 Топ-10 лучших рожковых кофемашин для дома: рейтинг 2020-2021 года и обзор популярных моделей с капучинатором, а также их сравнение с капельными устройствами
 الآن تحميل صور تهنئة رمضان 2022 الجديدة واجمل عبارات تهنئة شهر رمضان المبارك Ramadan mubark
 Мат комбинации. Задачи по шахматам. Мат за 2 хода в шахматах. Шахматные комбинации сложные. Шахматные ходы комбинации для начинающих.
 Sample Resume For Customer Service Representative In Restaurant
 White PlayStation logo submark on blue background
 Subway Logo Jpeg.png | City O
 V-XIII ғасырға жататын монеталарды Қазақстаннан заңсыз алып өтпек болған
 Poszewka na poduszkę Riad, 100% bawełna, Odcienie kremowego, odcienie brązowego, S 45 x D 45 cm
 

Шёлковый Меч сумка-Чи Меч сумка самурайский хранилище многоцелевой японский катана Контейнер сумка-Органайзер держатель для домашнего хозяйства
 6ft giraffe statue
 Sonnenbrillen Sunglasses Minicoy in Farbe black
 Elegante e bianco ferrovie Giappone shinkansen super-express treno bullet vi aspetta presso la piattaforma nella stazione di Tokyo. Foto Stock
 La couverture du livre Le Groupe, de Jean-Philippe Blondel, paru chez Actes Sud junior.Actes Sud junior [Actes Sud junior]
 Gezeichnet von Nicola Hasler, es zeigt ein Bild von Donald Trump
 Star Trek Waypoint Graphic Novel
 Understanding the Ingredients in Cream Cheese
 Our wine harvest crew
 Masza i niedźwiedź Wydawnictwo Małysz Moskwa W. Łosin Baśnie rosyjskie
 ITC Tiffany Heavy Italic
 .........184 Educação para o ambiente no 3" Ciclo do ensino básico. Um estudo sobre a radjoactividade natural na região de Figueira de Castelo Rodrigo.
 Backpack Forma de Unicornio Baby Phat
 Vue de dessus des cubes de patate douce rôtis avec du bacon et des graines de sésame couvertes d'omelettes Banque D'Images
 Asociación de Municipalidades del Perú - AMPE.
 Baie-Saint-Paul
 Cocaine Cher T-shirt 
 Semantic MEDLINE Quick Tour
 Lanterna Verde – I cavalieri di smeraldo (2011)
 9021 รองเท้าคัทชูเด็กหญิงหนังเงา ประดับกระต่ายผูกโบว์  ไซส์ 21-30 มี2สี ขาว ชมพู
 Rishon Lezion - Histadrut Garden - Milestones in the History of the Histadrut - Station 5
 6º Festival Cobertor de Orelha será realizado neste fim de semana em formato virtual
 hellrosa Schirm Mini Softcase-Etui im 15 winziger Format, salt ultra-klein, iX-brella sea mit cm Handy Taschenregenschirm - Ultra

========

- Exercise instructions
Please give back exactly the lines of the listing above that run from the one containing "Backpack Forma de Unicornio Baby Phat" through the one containing "Lanterna Verde –", and only those.

- Result of the exercise
 Backpack Forma de Unicornio Baby Phat
 Vue de dessus des cubes de patate douce rôtis avec du bacon et des graines de sésame couvertes d'omelettes Banque D'Images
 Asociación de Municipalidades del Perú - AMPE.
 Baie-Saint-Paul
 Cocaine Cher T-shirt 
 Semantic MEDLINE Quick Tour
 Lanterna Verde – I cavalieri di smeraldo (2011)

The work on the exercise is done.